Claude API Masterclass: Tool Use, Vision & Extended Thinking

Anthropic's Claude has become the model of choice for reasoning-heavy, long-context, and safety-critical applications. Claude 3.5 Sonnet leads the coding benchmarks; Claude 3 Opus remains the gold standard for nuanced analysis. But most developers use Claude like a fancy chatbot — missing its most powerful capabilities entirely.

This guide covers the Claude API features that actually move the needle: the Tools API (function calling), Vision, and the game-changing Extended Thinking mode introduced in 2026. All examples use the official @anthropic-ai/sdk.

Setup & Client Initialisation

npm install @anthropic-ai/sdk

import Anthropic from '@anthropic-ai/sdk';

const client = new Anthropic({
  apiKey: process.env.ANTHROPIC_API_KEY,  // never hardcode
});

// Basic message
const msg = await client.messages.create({
  model:      'claude-3-5-sonnet-20241022',
  max_tokens: 1024,
  messages: [
    { role: 'user', content: 'Explain React Server Components in one paragraph.' }
  ],
});
console.log(msg.content[0].text);

Always set max_tokens explicitly. Claude will return an error if you don't, unlike OpenAI which defaults to a limit.

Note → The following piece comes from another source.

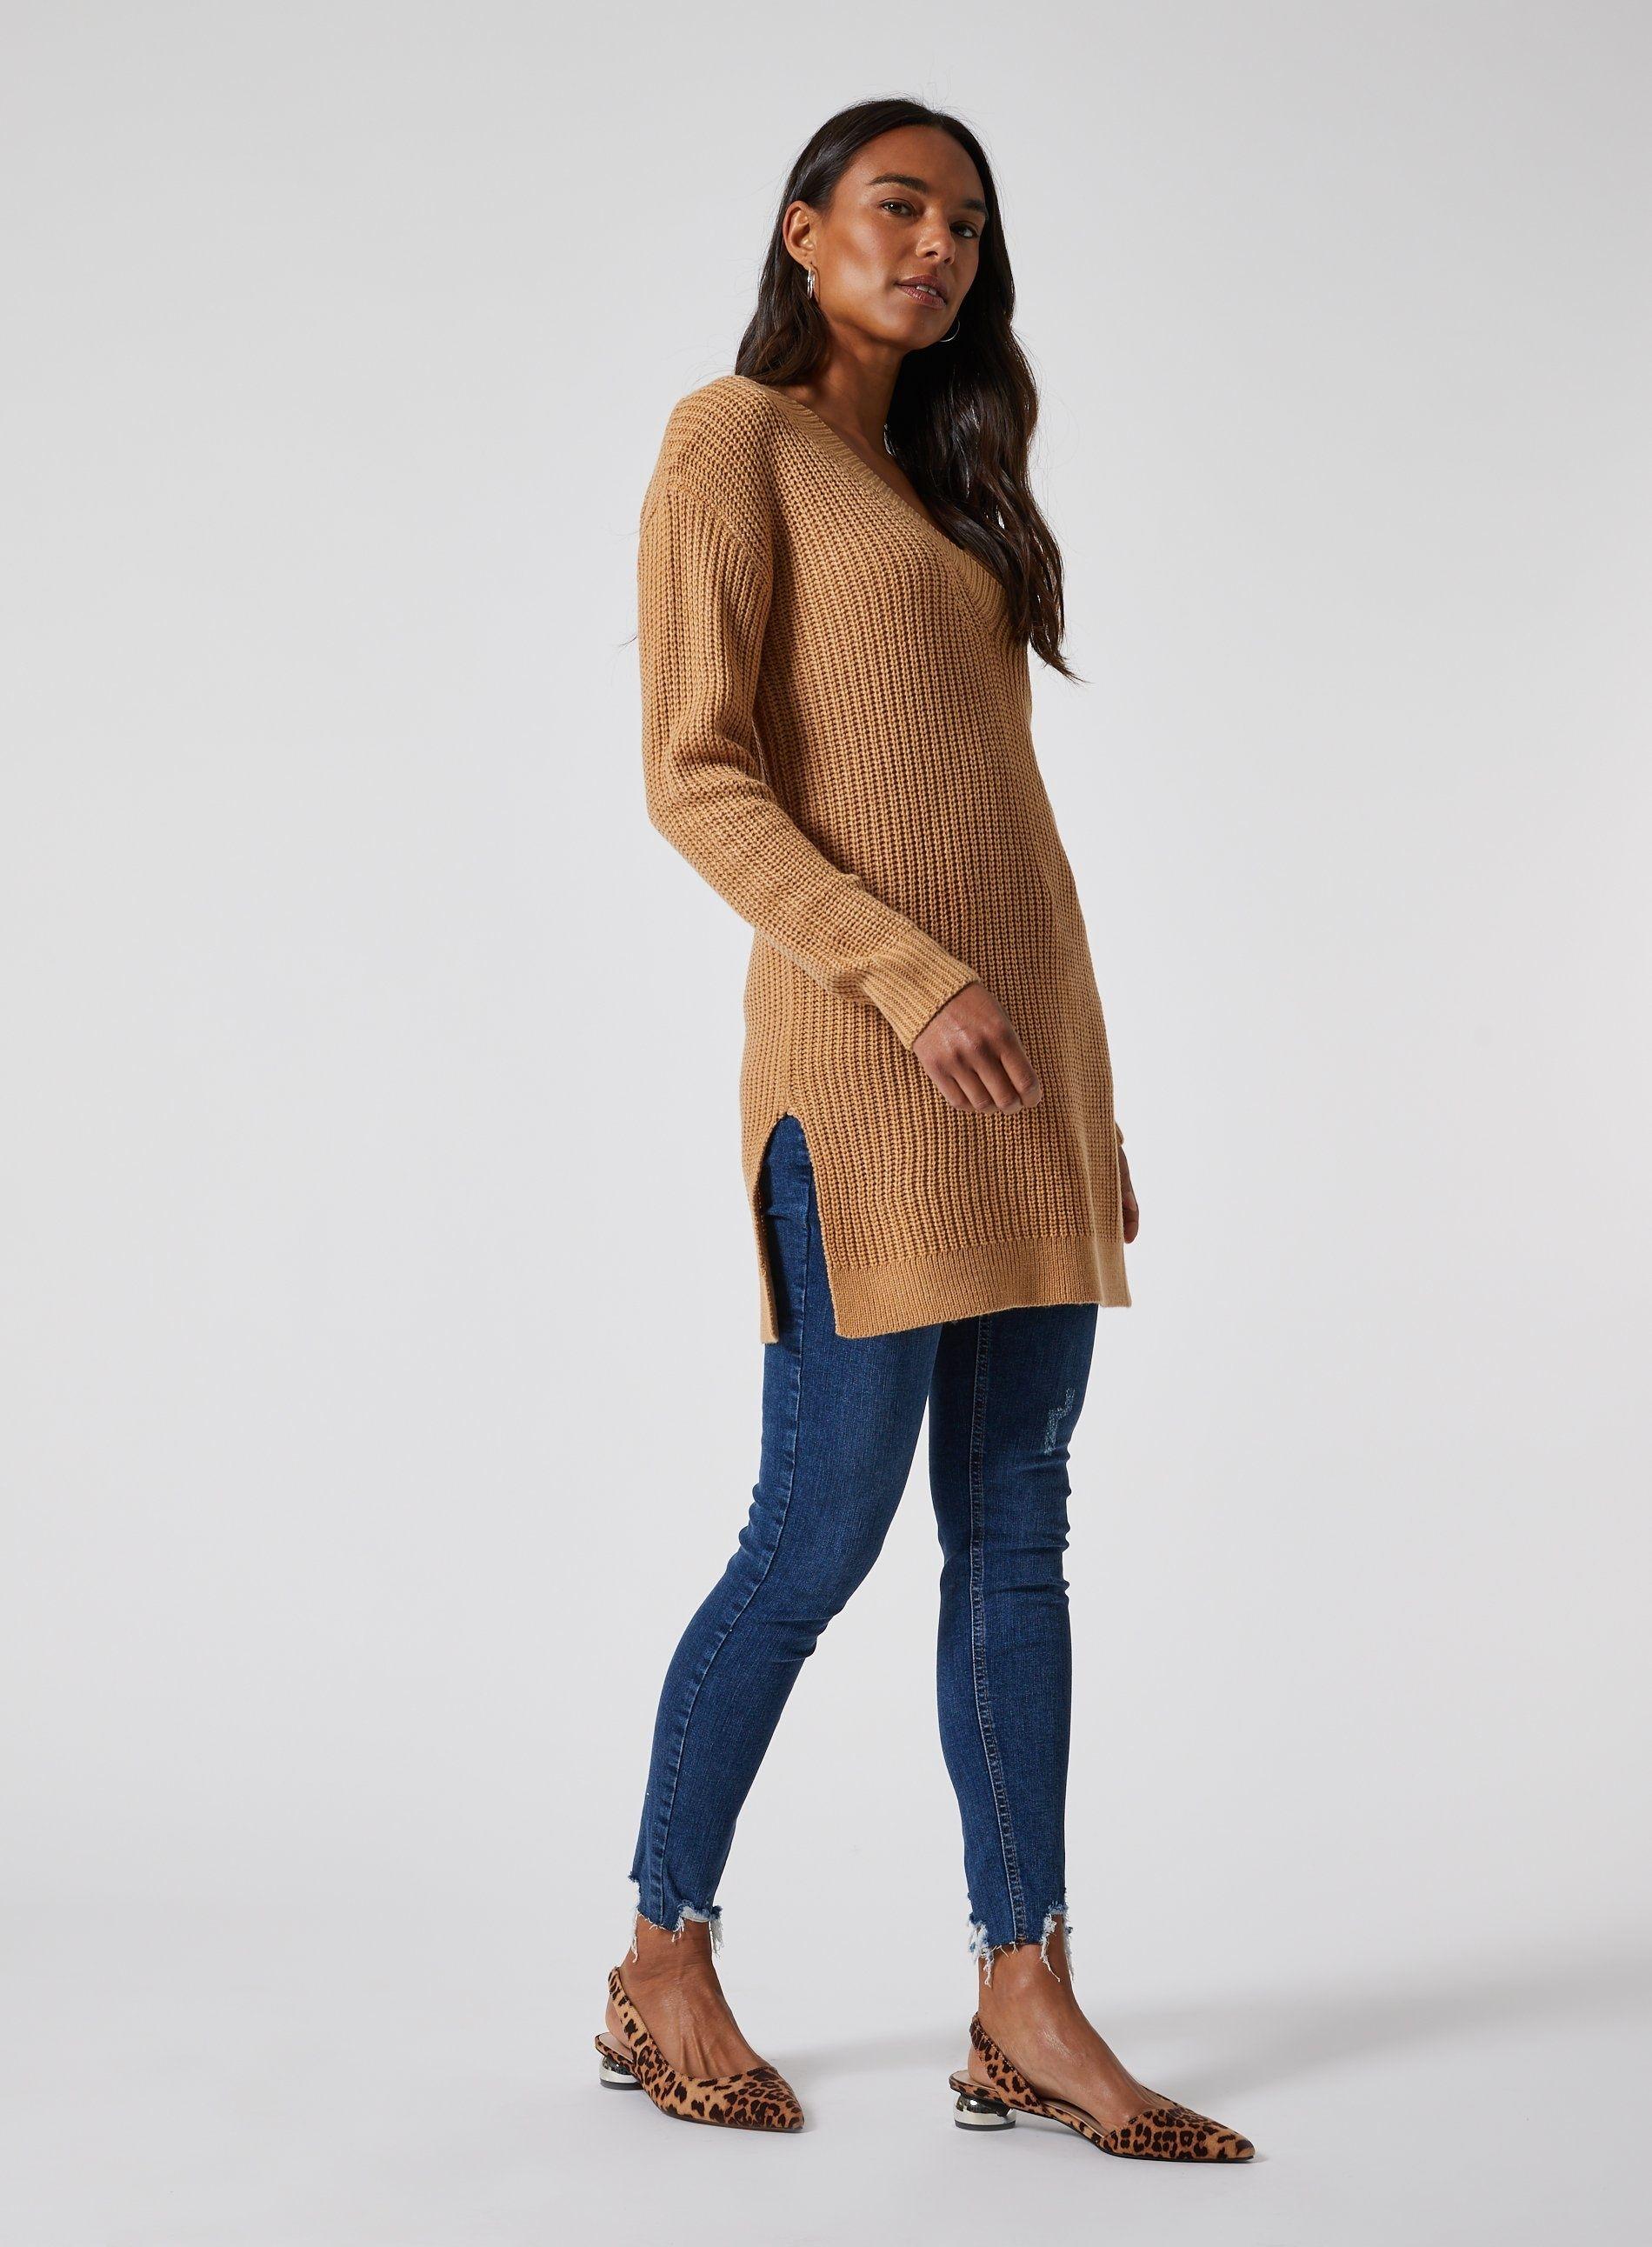 Dorothy Perkins Womens Camel V Neck Tunic Jumper Warm Sweater Pullover Knitwear

Tool Use (Function Calling)

Claude's Tool Use lets you define JSON schemas for functions. Claude decides when to call them, supplying the correct arguments. You execute the function and return the result — Claude then uses it to form the final answer.

const tools = [
  {
    name: 'get_weather',
    description: 'Get current weather for a city.',
    input_schema: {
      type: 'object',
      properties: {
        city:    { type: 'string', description: 'City name, e.g. "London"' },
        unit:    { type: 'string', enum: ['celsius', 'fahrenheit'], default: 'celsius' },
      },
      required: ['city'],
    },
  },
  {
    name: 'search_web',
    description: 'Search the web for up-to-date information.',
    input_schema: {
      type: 'object',
      properties: {
        query: { type: 'string' },
        num_results: { type: 'number', default: 5 },
      },
      required: ['query'],
    },
  },
];

The Tool Use Loop

async function runWithTools(userMessage) {
  const messages = [{ role: 'user', content: userMessage }];

  while (true) {
    const response = await client.messages.create({
      model:     'claude-3-5-sonnet-20241022',
      max_tokens: 4096,
      tools,
      messages,
    });

    // No tool call — final answer
    if (response.stop_reason === 'end_turn') {
      return response.content.find(b => b.type === 'text')?.text;
    }

    // Process tool calls
    const toolUseBlocks = response.content.filter(b => b.type === 'tool_use');
    const toolResults   = [];

    for (const toolUse of toolUseBlocks) {
      let result;
      if (toolUse.name === 'get_weather') {
        result = await fetchWeather(toolUse.input.city, toolUse.input.unit);
      } else if (toolUse.name === 'search_web') {
        result = await performWebSearch(toolUse.input.query);
      }
      toolResults.push({
        type:        'tool_result',
        tool_use_id: toolUse.id,
        content:     JSON.stringify(result),
      });
    }

    // Append assistant response + tool results, continue loop
    messages.push({ role: 'assistant', content: response.content });
    messages.push({ role: 'user',      content: toolResults });
  }
}

const answer = await runWithTools('What is the weather in Tokyo and Berlin right now?');
console.log(answer);

Vision: Sending Images to Claude

Claude accepts images as base64 data or public URLs. It excels at diagram analysis, UI screenshot critique, OCR, and chart interpretation.

import fs from 'fs';

// From file (base64)
const imageData   = fs.readFileSync('screenshot.png');
const base64Image = imageData.toString('base64');

const response = await client.messages.create({
  model:      'claude-3-5-sonnet-20241022',
  max_tokens: 1024,
  messages: [{
    role: 'user',
    content: [
      {
        type:   'image',
        source: {
          type:       'base64',
          media_type: 'image/png',
          data:        base64Image,
        },
      },
      {
        type: 'text',
        text: 'Analyse this UI screenshot. List all accessibility issues and suggest fixes.',
      },
    ],
  }],
});

console.log(response.content[0].text);

Vision + URL (public images)

const response = await client.messages.create({
  model: 'claude-3-5-sonnet-20241022',
  max_tokens: 1024,
  messages: [{
    role: 'user',
    content: [
      {
        type:   'image',
        source: { type: 'url', url: 'https://example.com/architecture-diagram.png' },
      },
      { type: 'text', text: 'Explain this architecture. What are the potential bottlenecks?' },
    ],
  }],
});

200K

Token context window

Images per request

20MB

Max image size

Extended Thinking Mode

Extended Thinking allows Claude to reason through a problem step-by-step before committing to a final answer — similar to OpenAI o1's chain-of-thought, but visible and controllable. You set a budget_tokens for the thinking process.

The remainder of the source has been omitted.